# INSTRUCTIONS FOR THE TASK
List all the lines in these records that hold "inches".

# INPUT
===============

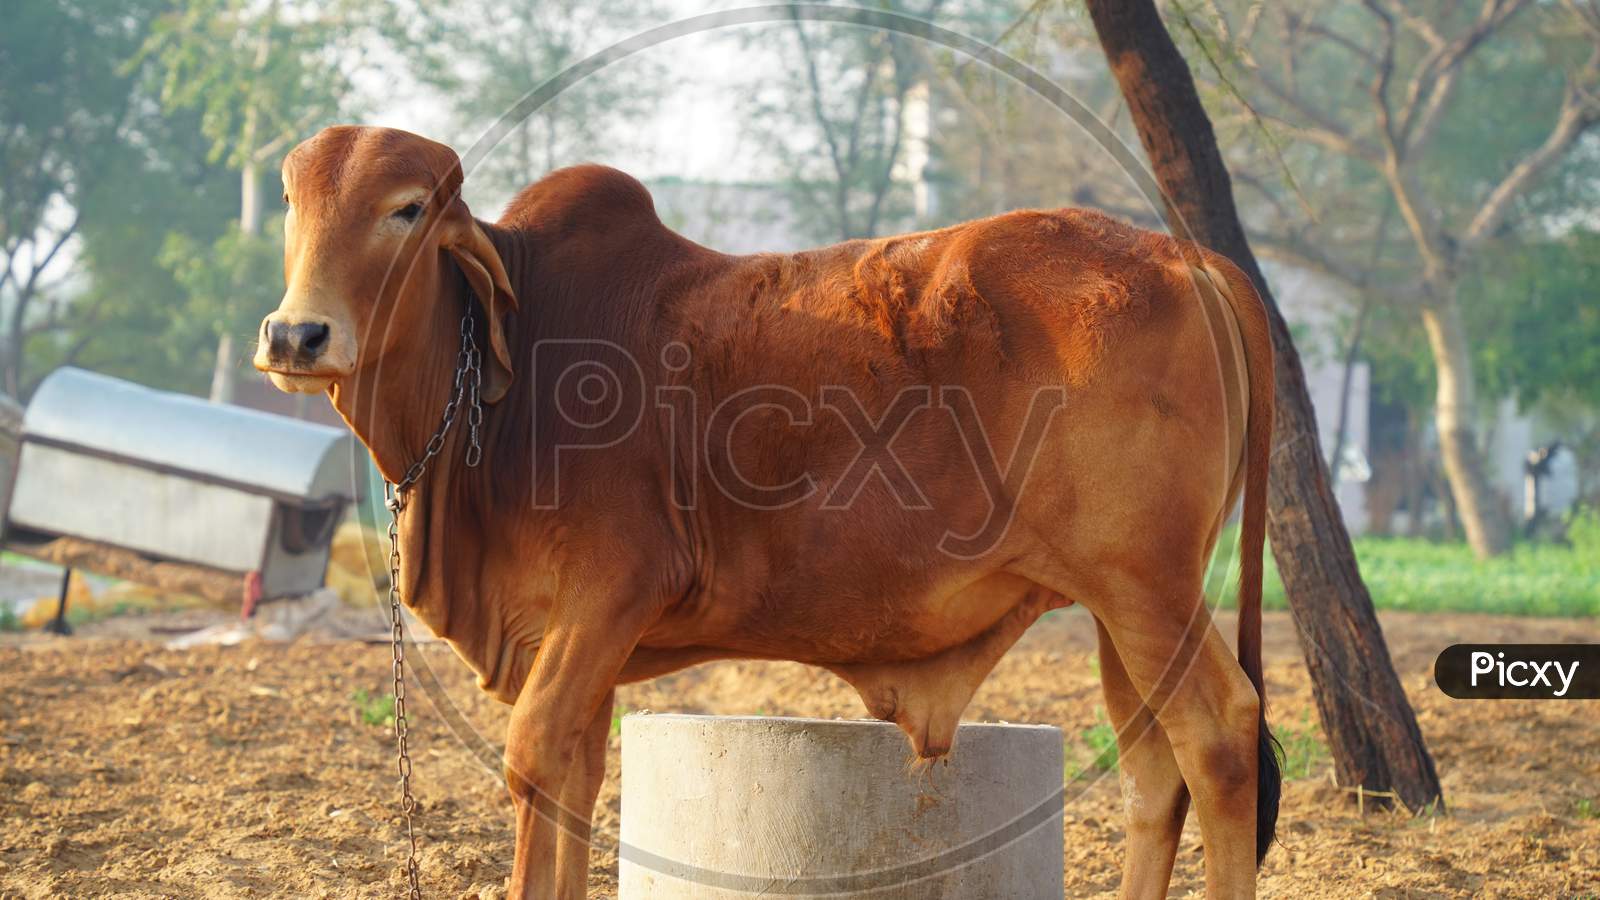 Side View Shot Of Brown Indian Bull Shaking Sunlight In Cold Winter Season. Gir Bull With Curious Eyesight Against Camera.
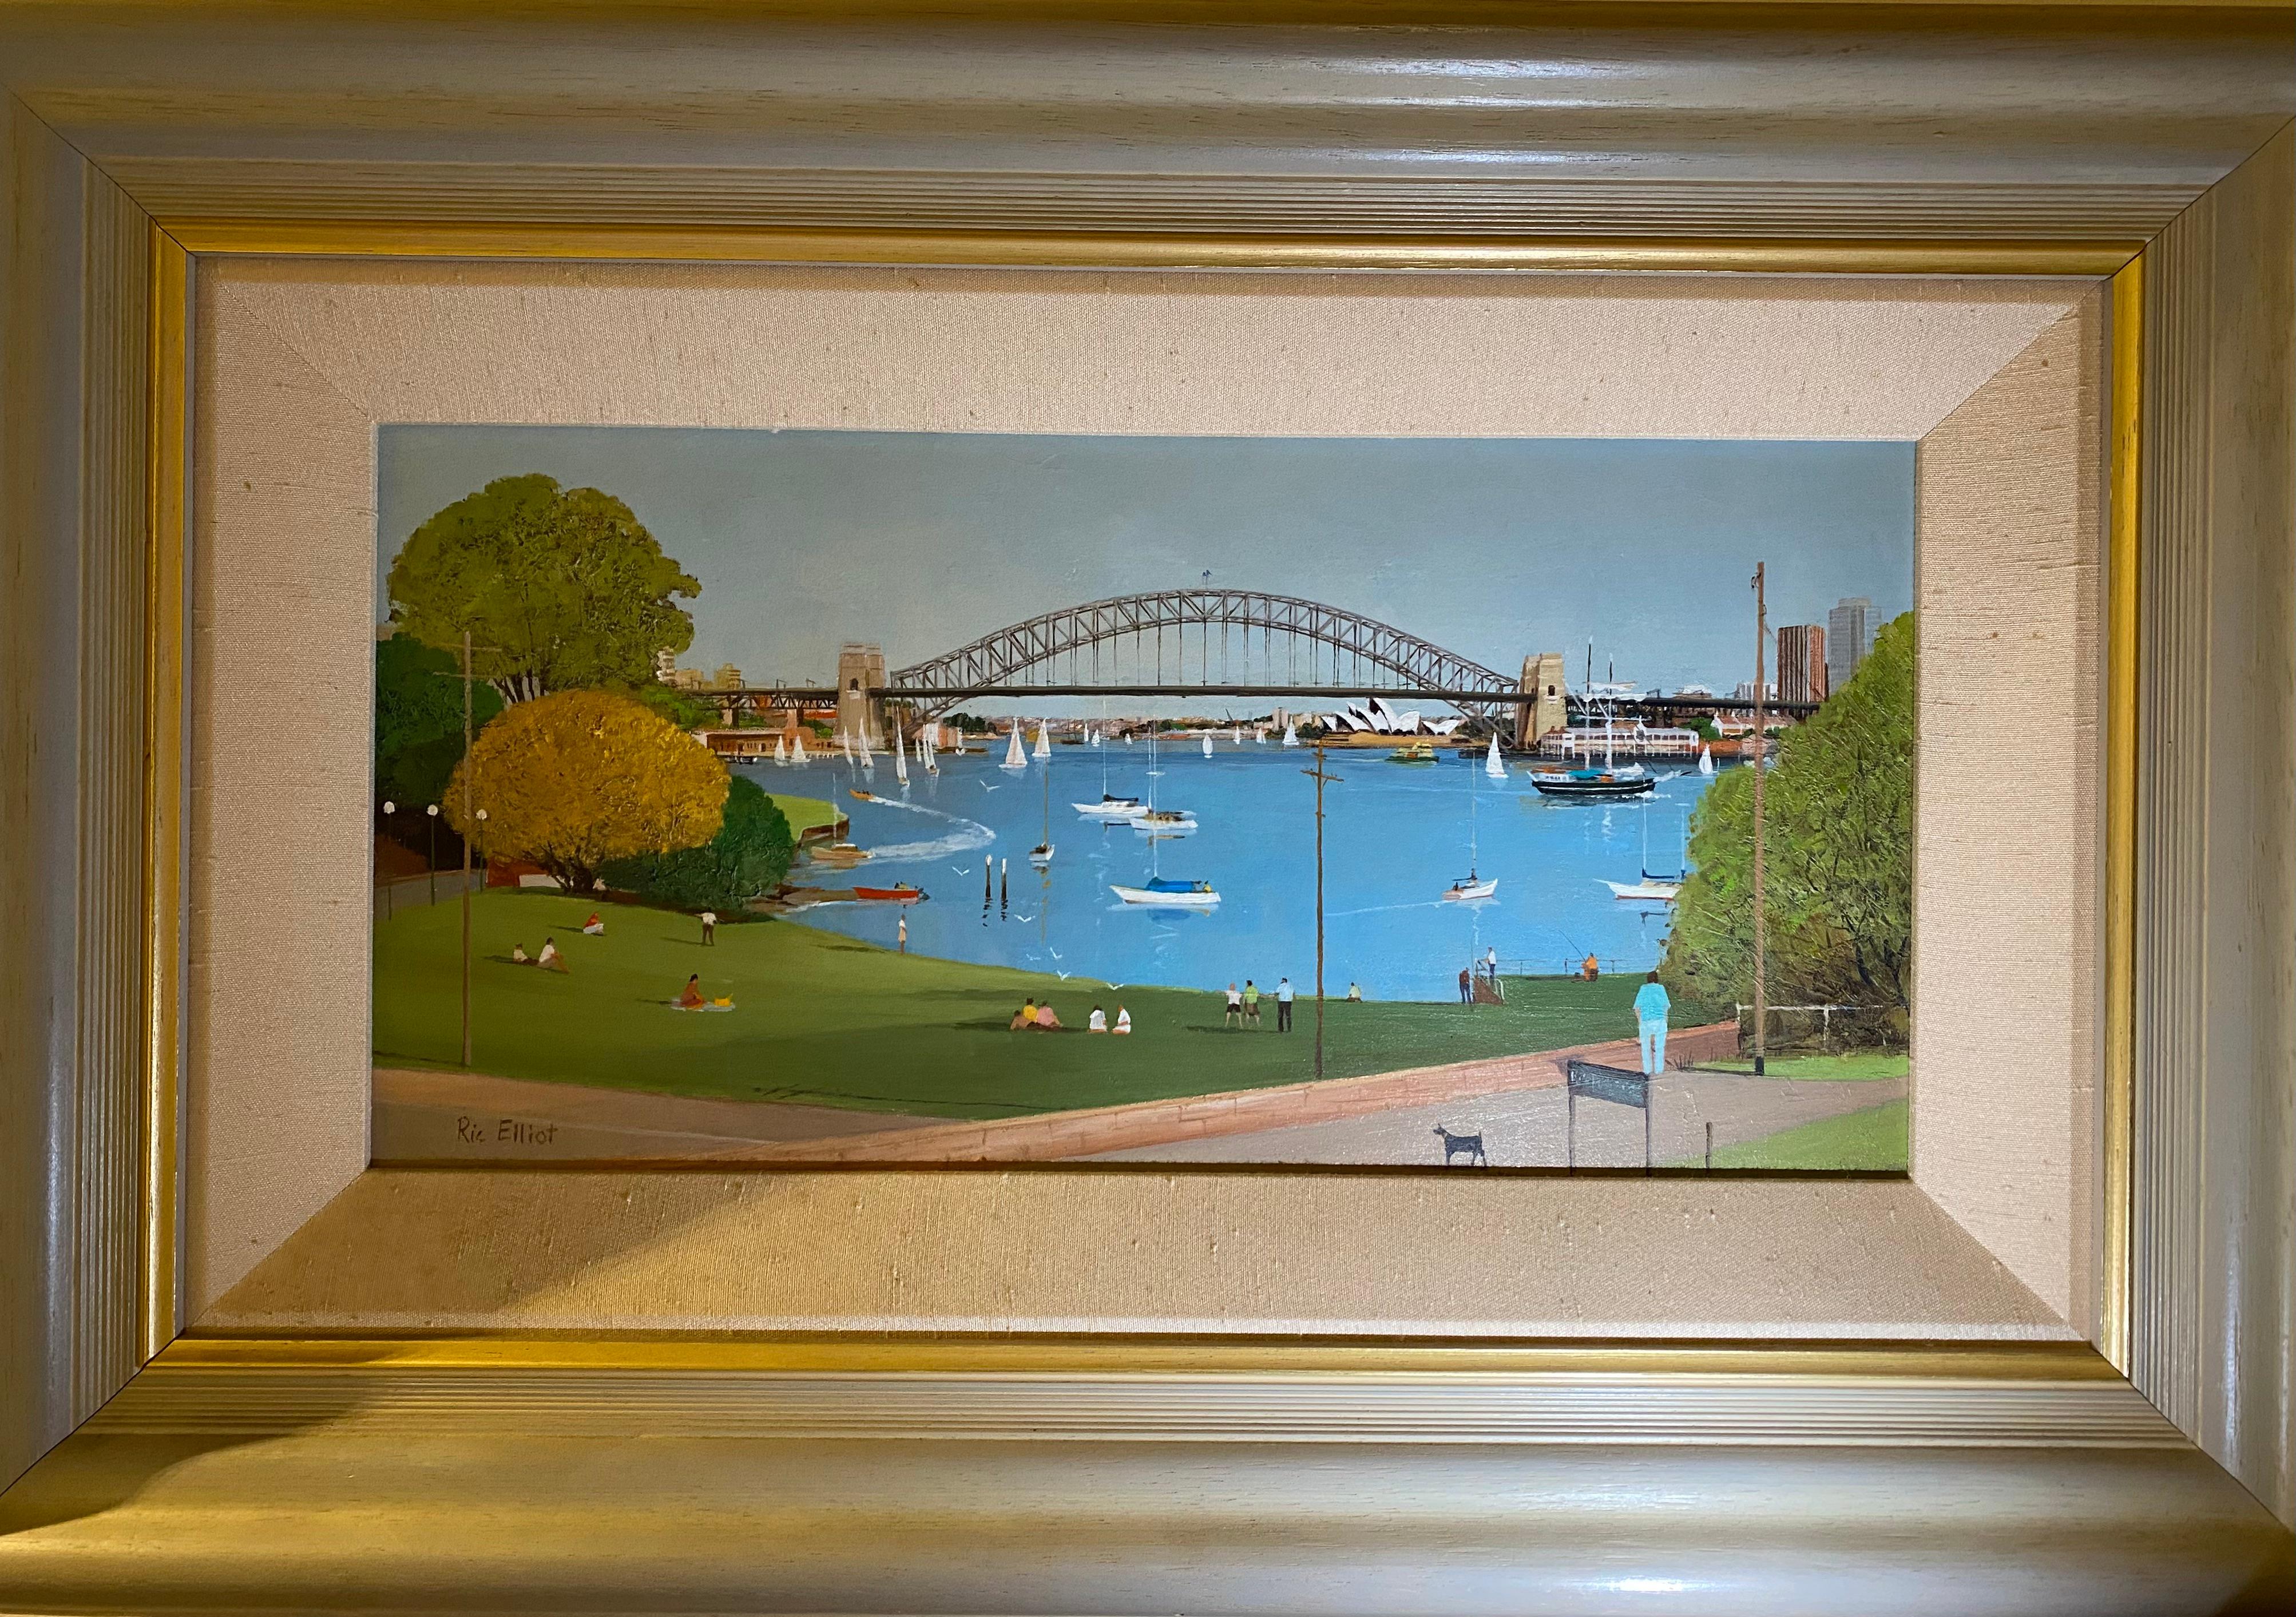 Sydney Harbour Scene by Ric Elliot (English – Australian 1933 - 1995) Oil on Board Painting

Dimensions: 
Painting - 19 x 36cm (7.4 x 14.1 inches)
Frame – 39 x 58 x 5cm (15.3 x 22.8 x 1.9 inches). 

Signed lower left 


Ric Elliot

===============

# WRITTEN ANSWER
Painting - 19 x 36cm (7.4 x 14.1 inches)
Frame – 39 x 58 x 5cm (15.3 x 22.8 x 1.9 inches). 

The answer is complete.